The driving force behind increased catastrophic coverage spending is the rebate arrangements between health plans and drug manufacturers, according to a recent report on Medicare Part D by the Centers for Medicare and Medicaid Services (CMS).
These rebates are negotiated by middlemen called pharmacy benefit managers. They’ve been criticized for driving up the list price of prescription medications as drug makers compensate for having to give larger and larger kickbacks to health plans and their PBMs, who keep a secret cut, according to critics.
PBMs argue that they save their customers — health plans — millions by negotiating down the price paid in the end.

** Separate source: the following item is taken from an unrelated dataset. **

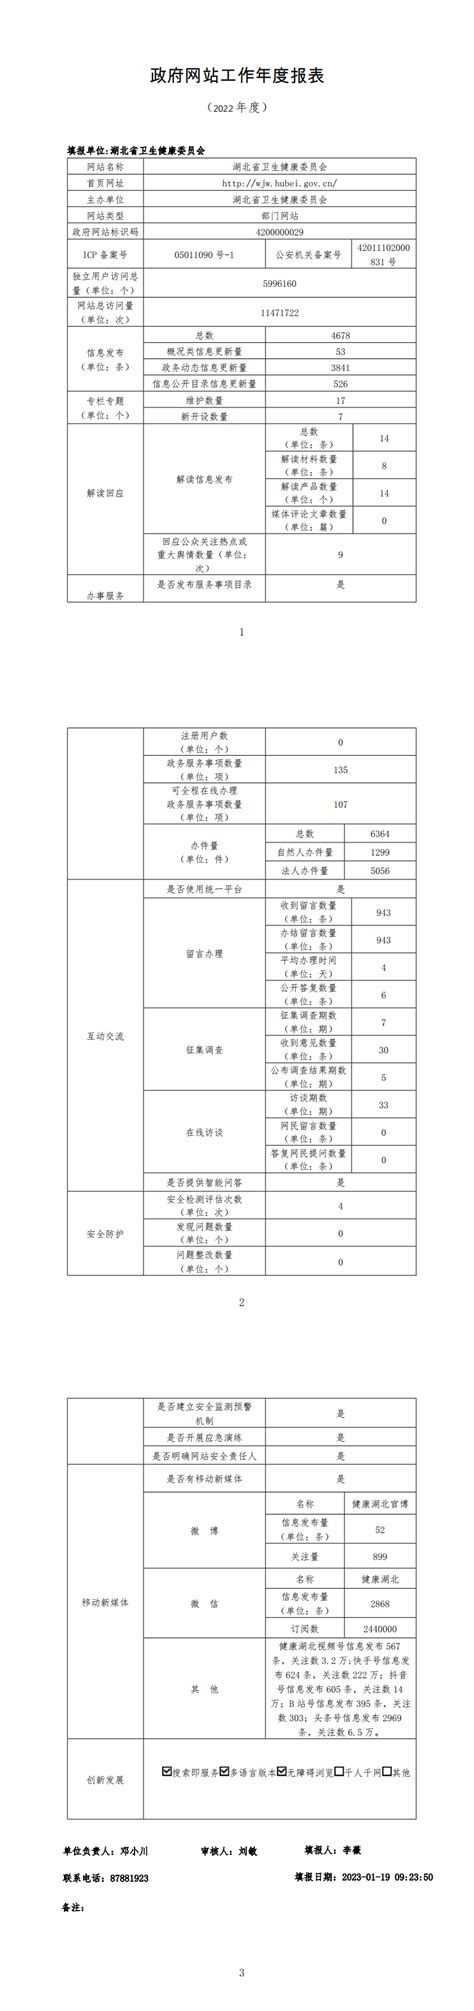 湖北省卫生健康委员会2020年政府信息公开工作年度报告-湖北省卫生健康委员会
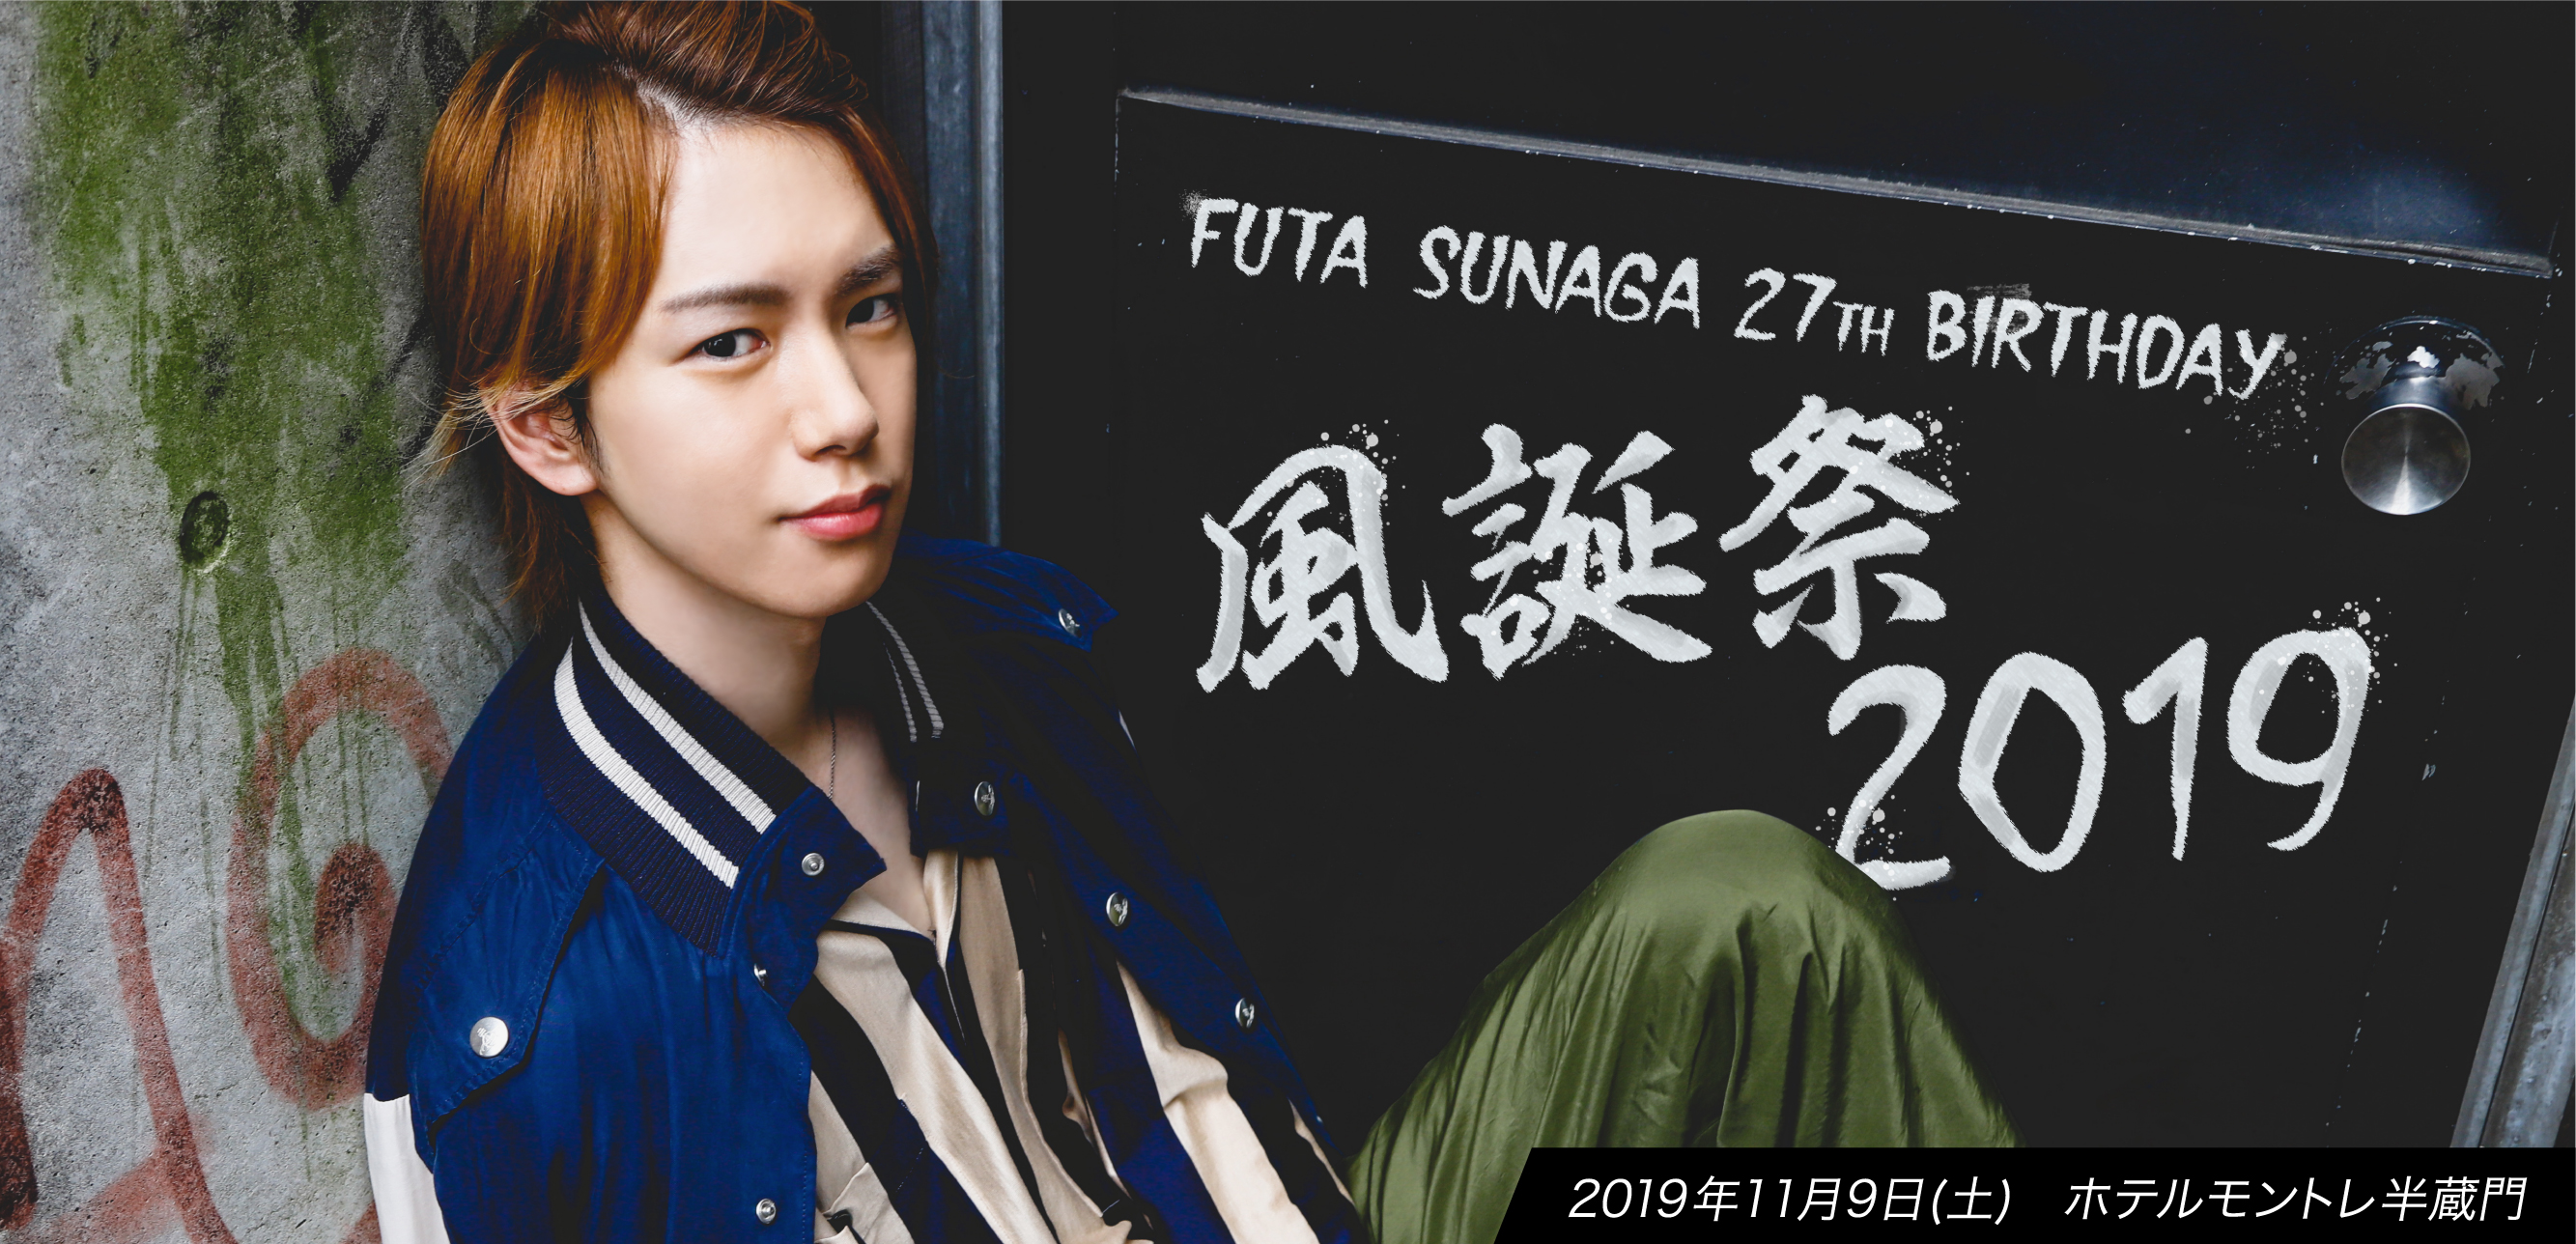 FUTA SUNAGA 27th BIRTHDAY 「⾵誕祭2019」

Good or bad, the rebate system has created a disparity between the list price manufacturers charge — $34,000 for a bottle of Harvoni for example — and the price actually paid by health plans, which can be thousands less.
The problem for Medicare Part D is that no matter what the final negotiated price, a patient’s movement into the coverage gap and then catastrophic coverage is determined by the list price, as is the government’s cost-share.
“Beneficiaries’ cost-sharing is calculated based on the drug price at the point-of-sale, without regard to rebates and other price concessions received after the point-of-sale,” the CMS report says.
And the more patients pay out-of-pocket, the faster they move right through the donut hole and into catastrophic coverage, hence the large increases seen in the government’s spending on Part D.
“Higher beneficiary cost-sharing also results in the quicker progression of Part D enrollees through the Part D drug benefit phases and potentially leads to higher costs in catastrophic phase,” the report says.
The CMS report did have one silver lining: Health plans that work with Medicare Part D, like Humana or BlueCross BlueShield, are saving money through rebates and are thus less likely to raise premiums.
But, the report says, the “net effects of these trends on costs for beneficiaries and the government are still unclear.”
For consumers like Thelma Owens, the Medicare Part D system is hard to navigate and frustrating in its complexity.
The 79-year-old who relies on her husband’s Social Security to cover her bills said the cost is manageable for her, but she knows others with far less income who struggle.
“I don’t know how some people manage to pay,” she said.